I still keep in contact with the village and volunteers I met there too. If I could, I would go back tomorrow!!
So sign up now for your own volunteer trip! Don't put it off for 'the right time' that time is now!
After working in a school in Mongolia, I decided that I wanted to do more overseas volunteering during the summer afterwards. Having looked at a variety of volunteering websites I finally settled on Original Volunteers. I chose to volunteer in a school in the state of Tamil Nadu in India, a place that I had always wanted to visit, this was perfect as it was a free volunteering placement. The conditions that we lived in were basic, a squat toilet, a shed to sleep in and a small kitchen. This however was to no surprise due to the fact that OV had been very clear with what we were letting ourselves into.
There were certain aspects of the volunteering that was wonderful, meeting new people, some of whom my companion and I would eventually travel with, it was also a great way to acclimatise in this crazy crazy country, such as using the local transport, honestly I wouldn't have probably used this in the rest of India without having used it here. It was a great confidence booster.

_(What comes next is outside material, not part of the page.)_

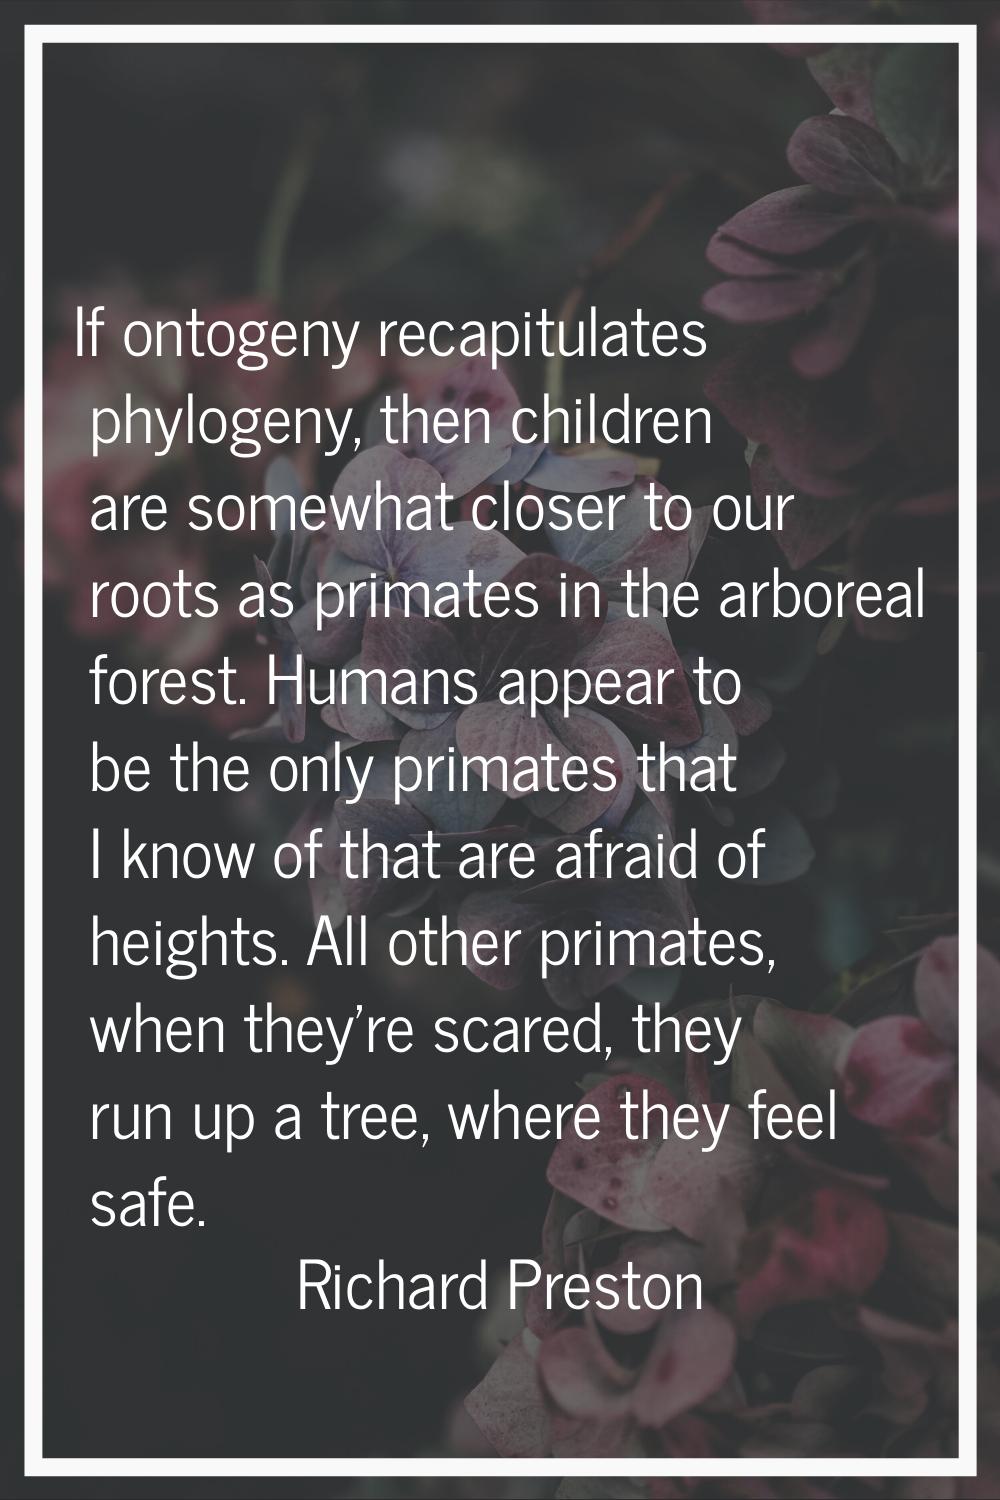 If ontogeny recapitulates phylogeny, then children are somewhat closer to our roots as primates in

I look back and think that the teaching wasn't all about the volunteering experience, I learnt invaluable life experience, met wonderful people, and had just memorable experiences in a very, very loveable country.
I recommend this, especially as it was free...
Volunteering with Original Volunteers in Cambodia was a brilliant experience and definitely value for money. A friend and I did our two weeks when we were 18 and although we were the youngest out of all of the volunteers (only by about a year) we felt very welcomed and after the end of our time we were upset we couldn't stay for longer. The project coordinator was very friendly and along with the other volunteers eased us into the teaching, firstly placing us in classes as helpers and later on we led classes ourselves. The experience was incredibly rewarding and as well as insightful into the Cambodian culture. I have recommended original volunteers to friends who have then volunteered on different projects and have greatly enjoyed their time as well. I felt very secure and at ease, which is remarkable as it was my first time so far away from home without my family or a large group of friends. We were picked up from the airport by our project co-coordinator and trips were organised at the weekend for us to see different areas of the country with the other volunteers, we were very well looked after and had a great time. Hopefully in the future I will be able to go back to that project but I am also keen to branch out and try other volunteering opportunities in different countries organised by Original Volunteers.